Fendas (2019), filme dirigido por Carlos Segundo, é um dos poucos longas-metragens filmados e ambientados na cidade de Natal. Iniciado como uma produção potiguar independente, posteriormente, o filme tornou-se uma co-produção com a França. A trama acompanha Catarina, uma pesquisadora da Física que se muda para a cidade a fim de lecionar na UFRN. Sua pesquisa parte de uma investigação sobre a luz, capturando-a com o auxílio de uma câmera por um processo de aproximação (que no filme é chamado de mergulho). Catarina é capaz de desvendar sons ocultos que obedecem a uma lógica própria. Em sua pesquisa, ela visita pontos conhecidos da cidade de Natal como o Forte dos Reis Magos, o Farol de Mãe Luiza e o Parque da Cidade. No início da trama, seu gato está desaparecido.
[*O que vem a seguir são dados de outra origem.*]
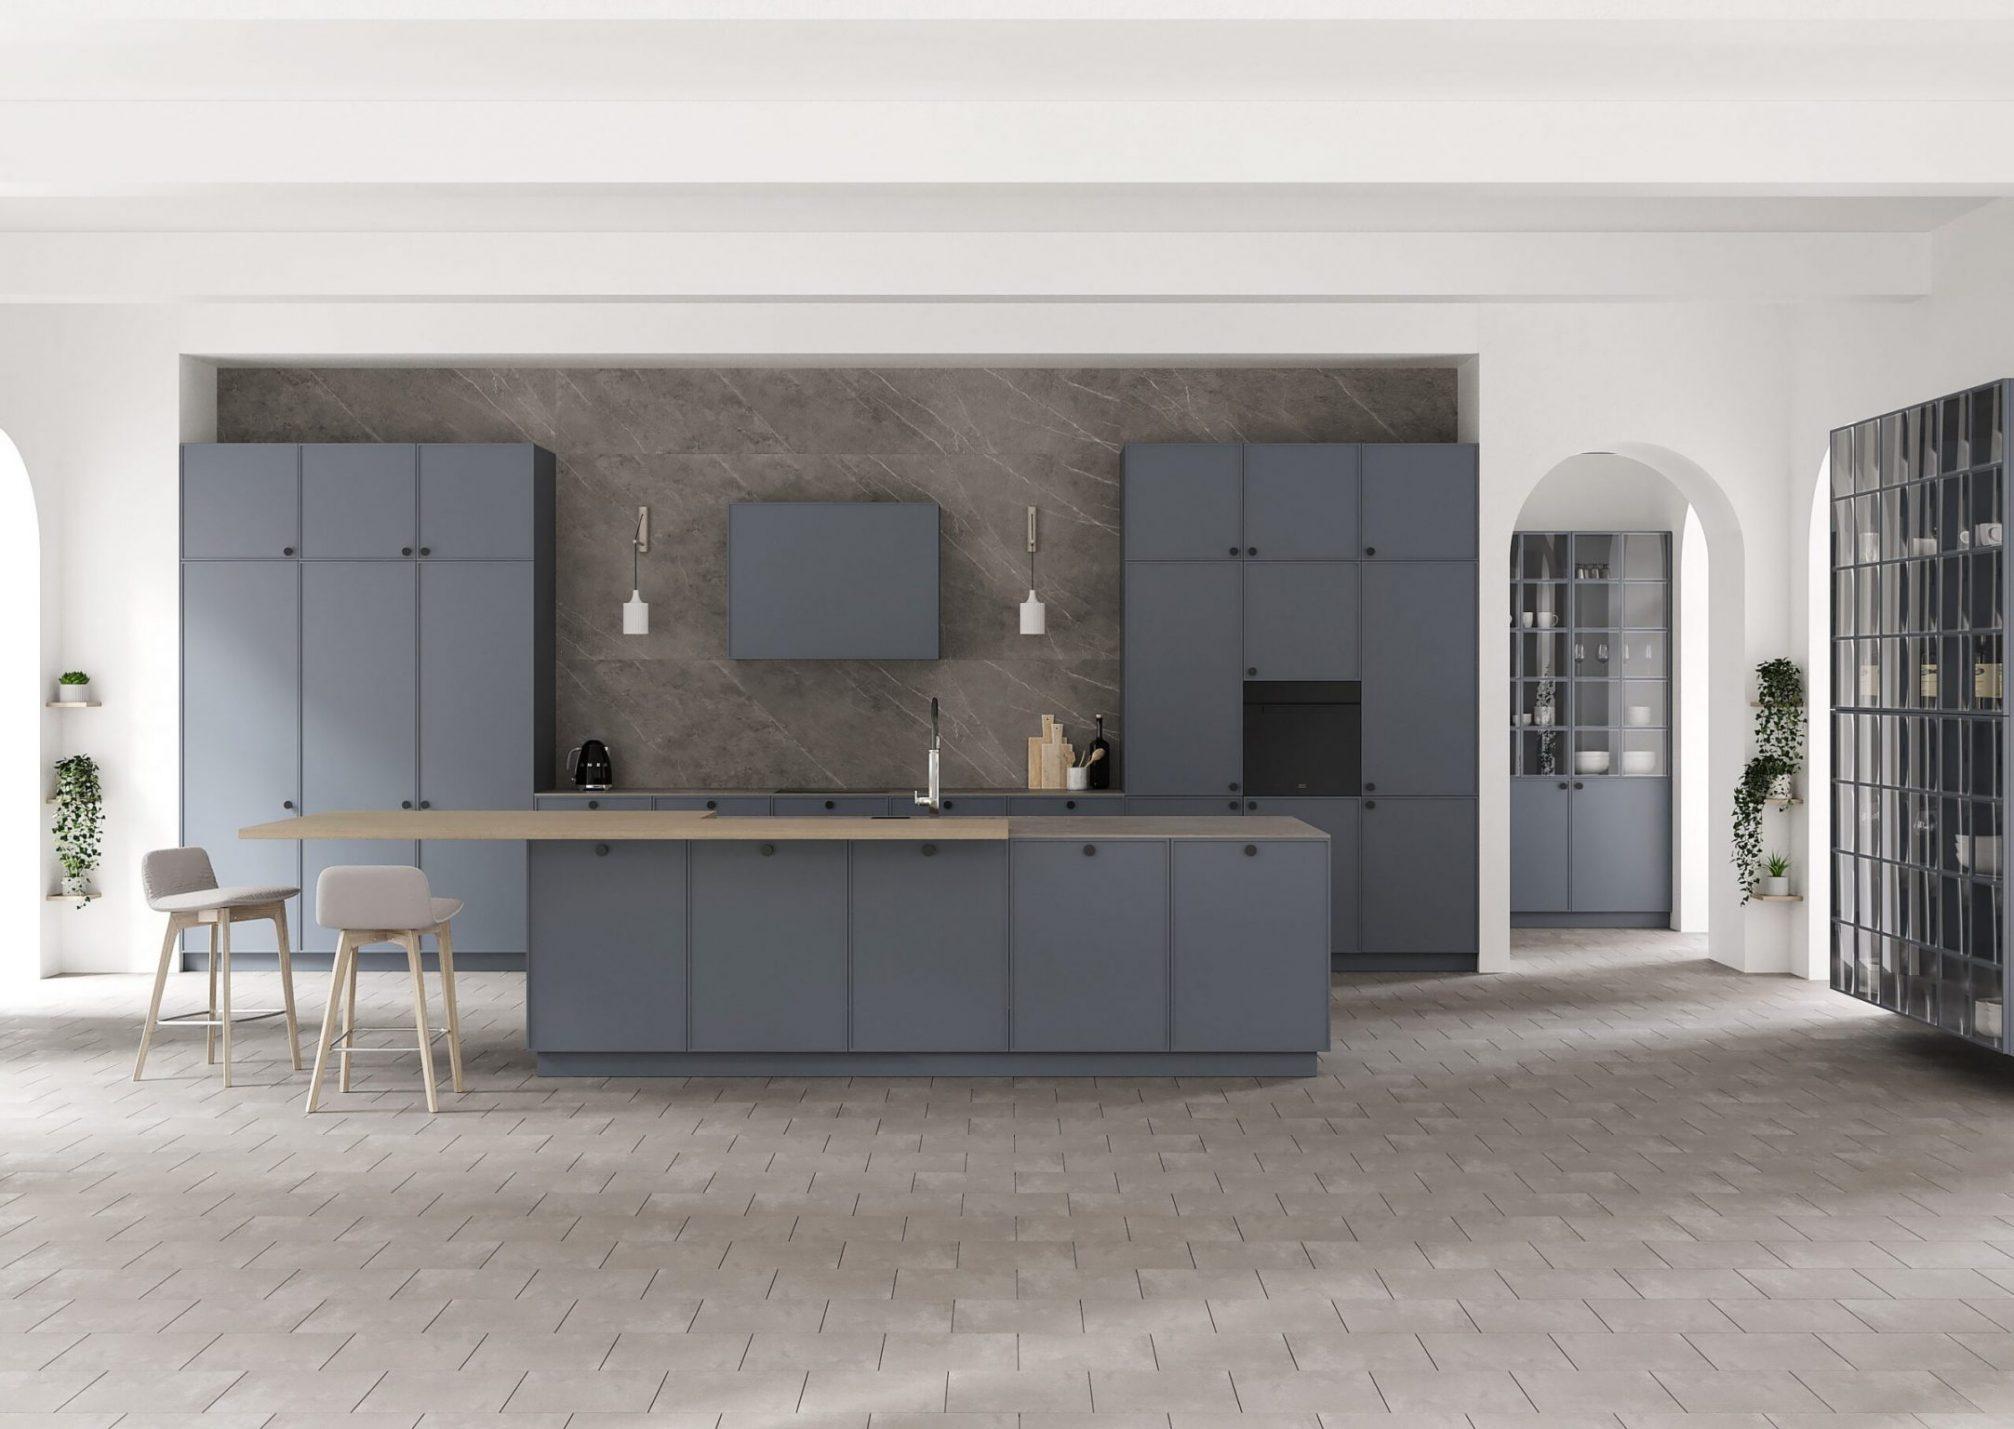 kitchen_studio_twelve_12-scaled

O longa se desenrola no cenário desértico de uma universidade em greve, onde a protagonista desenvolve diálogos com poucos personagens: com seu aluno Henrique na disciplina intitulada “Física da Poiesis”, com sua colega de departamento, com um guia de museu que nos fala da ocupação americana na Segunda Guerra e, ao final do filme, com um correspondente de Cabo Verde e seu ex-marido Renée. Ainda, em dois momentos, Catarina se depara com a visão elusiva de uma jovem que examina plantas com curiosidade. O sentido dessa visão é polissêmico, e só nos é revelado ao final as interpretações possíveis para a presença dessa garota que, até onde sabemos, pode ser tanto real como imaginária.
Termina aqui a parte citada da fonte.